Mohamed Goni, an organizer with Greater Minnesota Worker Center, said workers have complained the company is not sharing information about sick colleagues, has not implemented social distancing on the line, and that workers who were sick returned after just two or three days, and some workers who developed symptoms were not allowed to leave when they asked to go home.

“The company refused, saying there would be a shortage of workers,” Goni said, adding that 80% to 85% of the plant’s workers are Somali.

“They have other family members living with them — elderly, children, people with underlying conditions.
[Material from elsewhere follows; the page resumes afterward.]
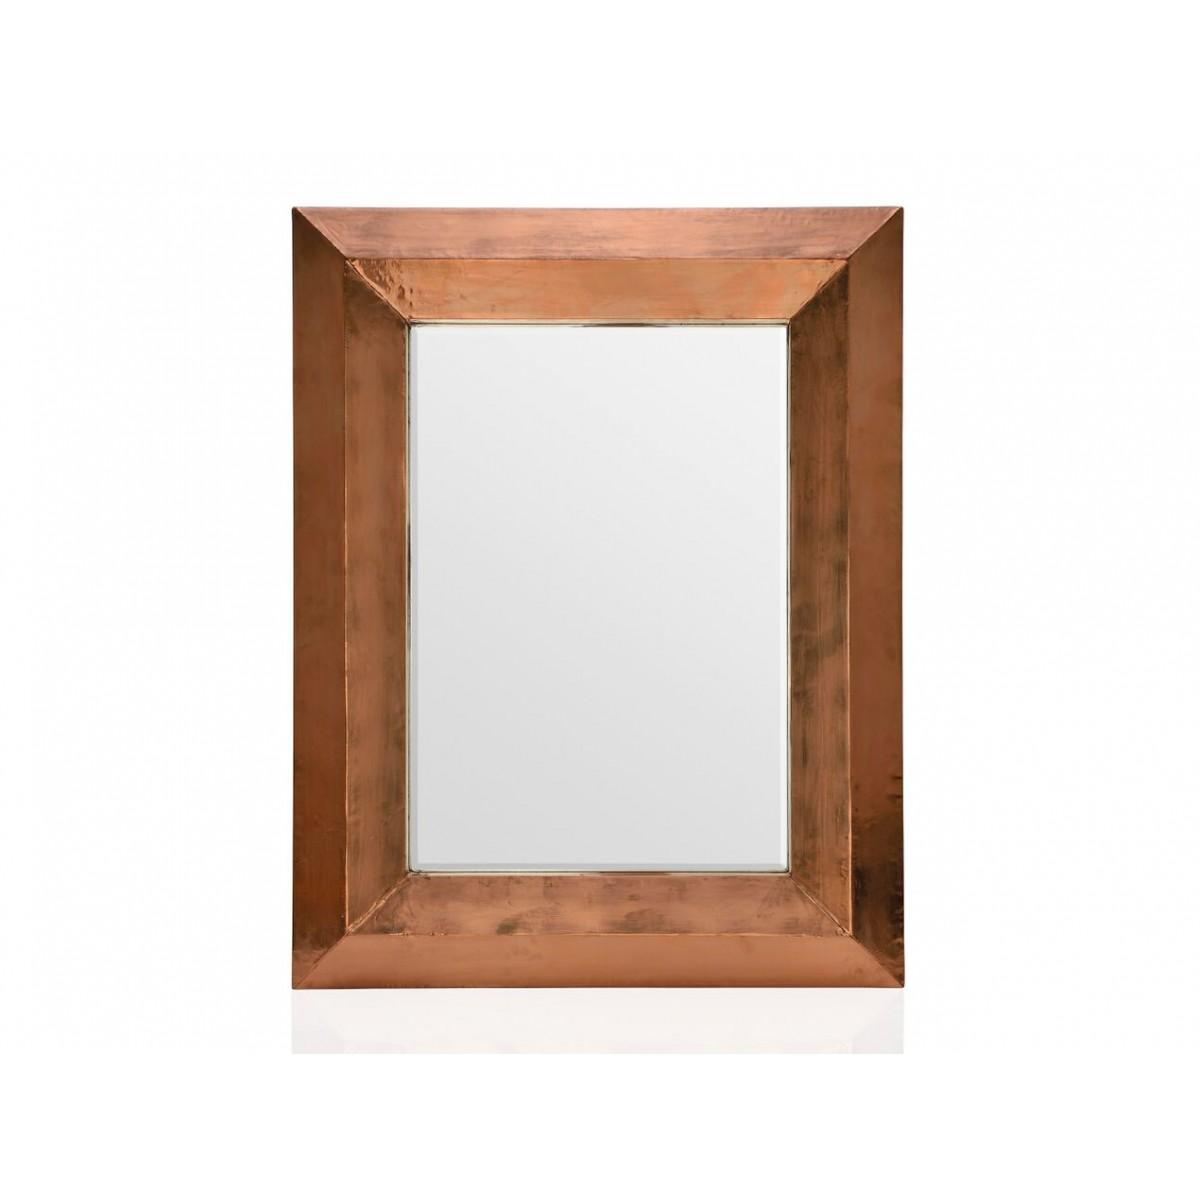 Inwood miroir mural rectangulaire en cuivre 70 x 90 cm for Miroir 70 cm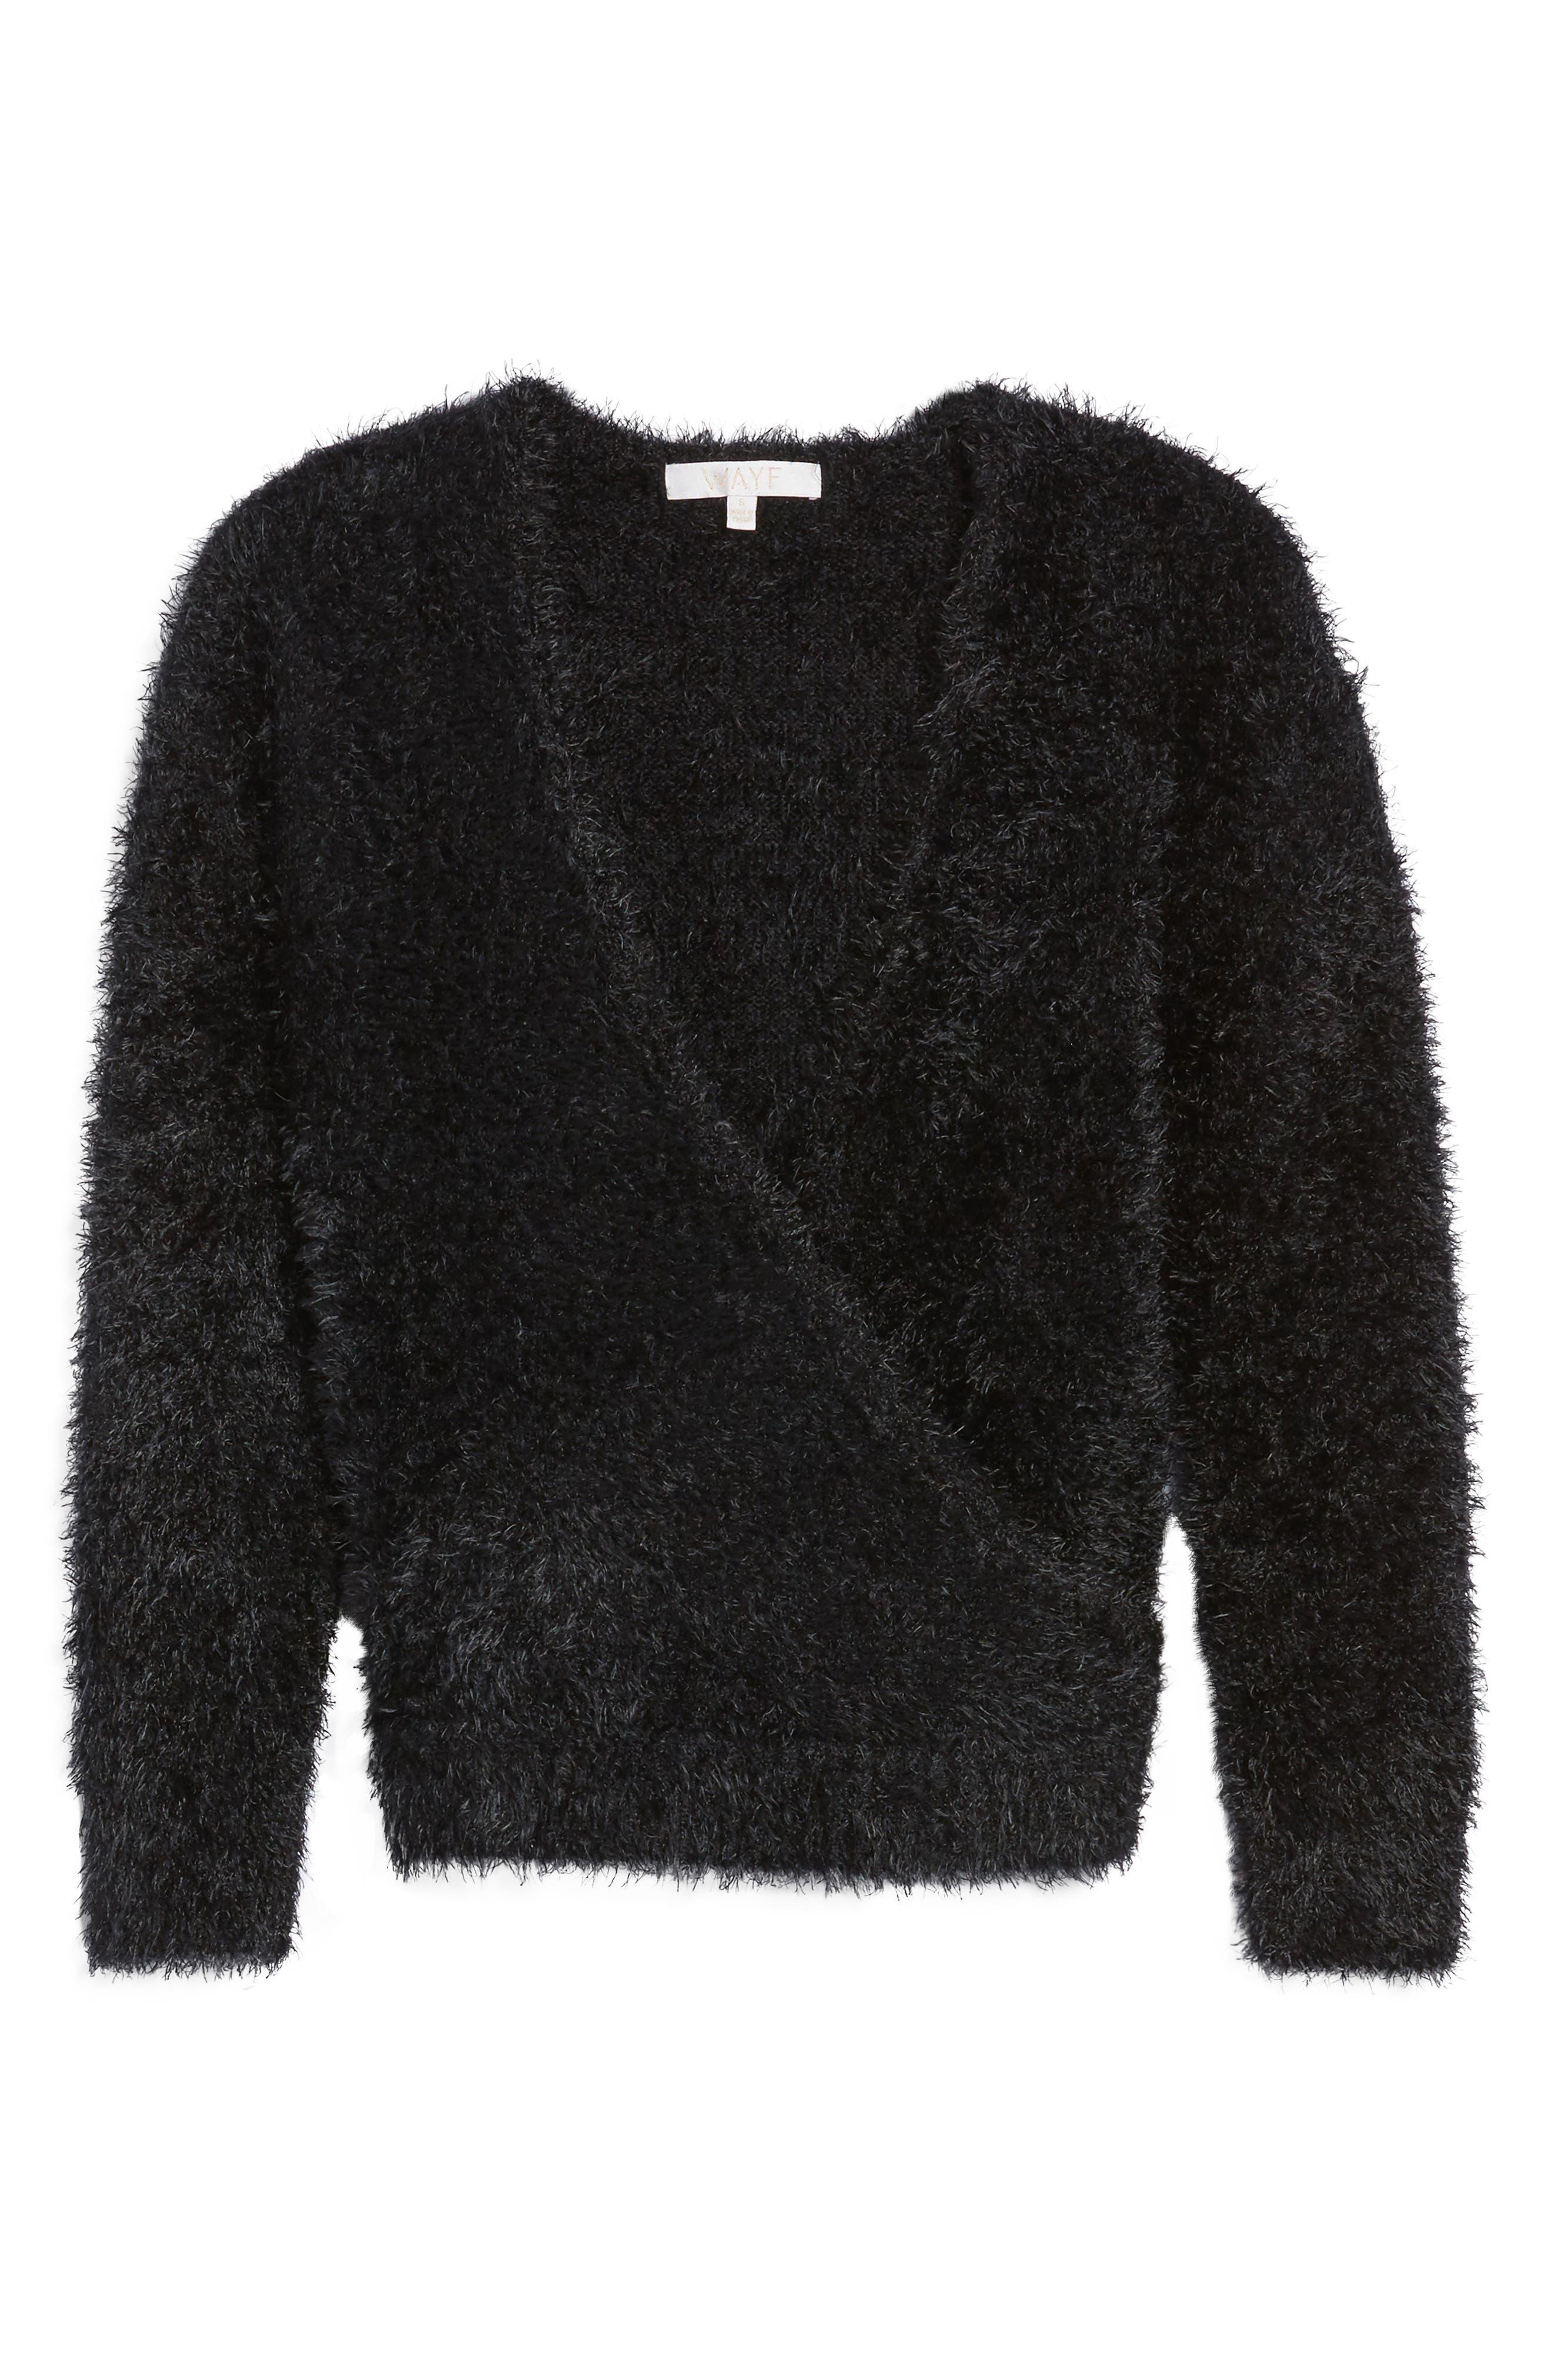 Fuzzy Surplice Sweater,                             Alternate thumbnail 6, color,                             Black

So if one of them brings that to their homes, it’s going to be more worse and a more serious problem,” Goni said.

Medical workers administer drive-up tests.
Medical workers administer drive-up COVID-19 tests outside the Sanford Worthington Clinic in Worthington, Minn., on April 18. The state has sent a team to ensure safe conditions in the southwestern Minnesota city, where multiple people have tested positive at a meatpacking plant.
Aaron Lavinsky | Star Tribune via AP file

Cameron Bruett, head of corporate affairs for JBS USA and Pilgrim’s, said in an email that employees are never forced to work or punished for an absence due to health reasons.

"We will endeavor to keep our facilities open to help feed the nation, but we will not operate a facility if we do not believe it is safe. The health and safety of our team members remains our number one priority,” Bruett said.

In South Dakota, Gov. Kristi Noem has said she hopes to see a reopening plan for Smithfield this week, but sidestepped questions Tuesday about whether she agreed with Trump’s order, which might have prevented the Sioux Falls plant from shutting down if it had been in place earlier.

“We need to keep [plants] running, but we also need to protect people,” Noem said.